The idea has since been hotly debated, mostly pegged as more philosophical than scientific. Still, many researchers agree that the concept has helped Earth system science move forward, allowing us to realize that many of Earth’s cycles—the water, nitrogen, and carbon cycles; plate tectonics; and the climate—are deeply interconnected, and is modulating and being modulated by life on Earth.
“Gaia may just be a nice metaphor,” Grinpsoon says, “but I wonder if it may be fruitful to think of life as something that happens not just on a planet, but as something that happens to a planet.”
“You cannot easily separate the living and the non-living parts of Earth,” he adds. “Life has made Earth the way it is to a large extent.

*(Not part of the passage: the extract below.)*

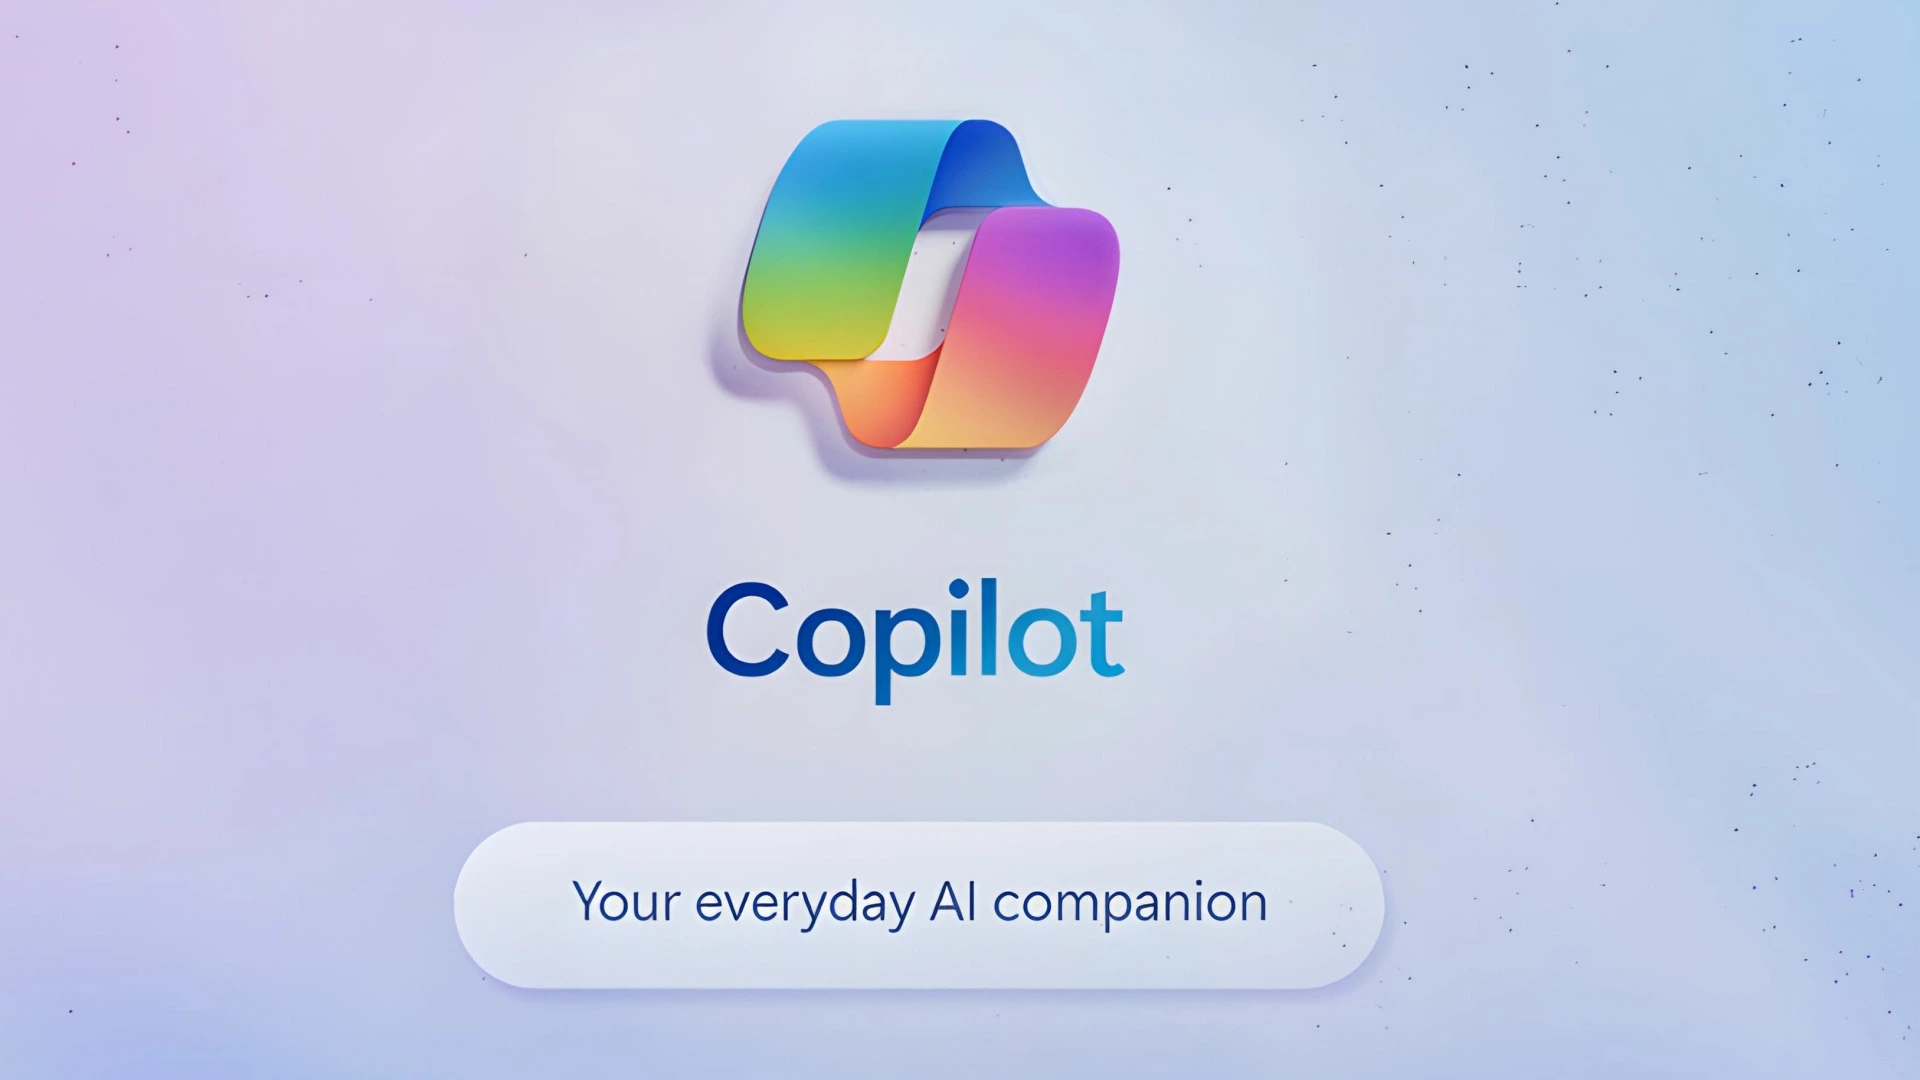 Copilot AI assistant for Microsoft 365 and Dynamics 365

That’s the general meaning of the Gaia hypothesis, and the Living Worlds hypothesis is simply extending the idea to other planets.”
“The idea of an origin of life separated from the birth of a living world has interesting implications for life elsewhere,” Grinspoon writes in Lonely Planets: “If self-regulating Gaia is responsible for Earth’s life longevity, then we need to find other places where this kind of global organism has evolved, not merely places where the origin of life might once have occurred.”
In other words, our search for life should then target places with active geological and meteorological cycles, the potential tell-tales of a vibrant biosphere.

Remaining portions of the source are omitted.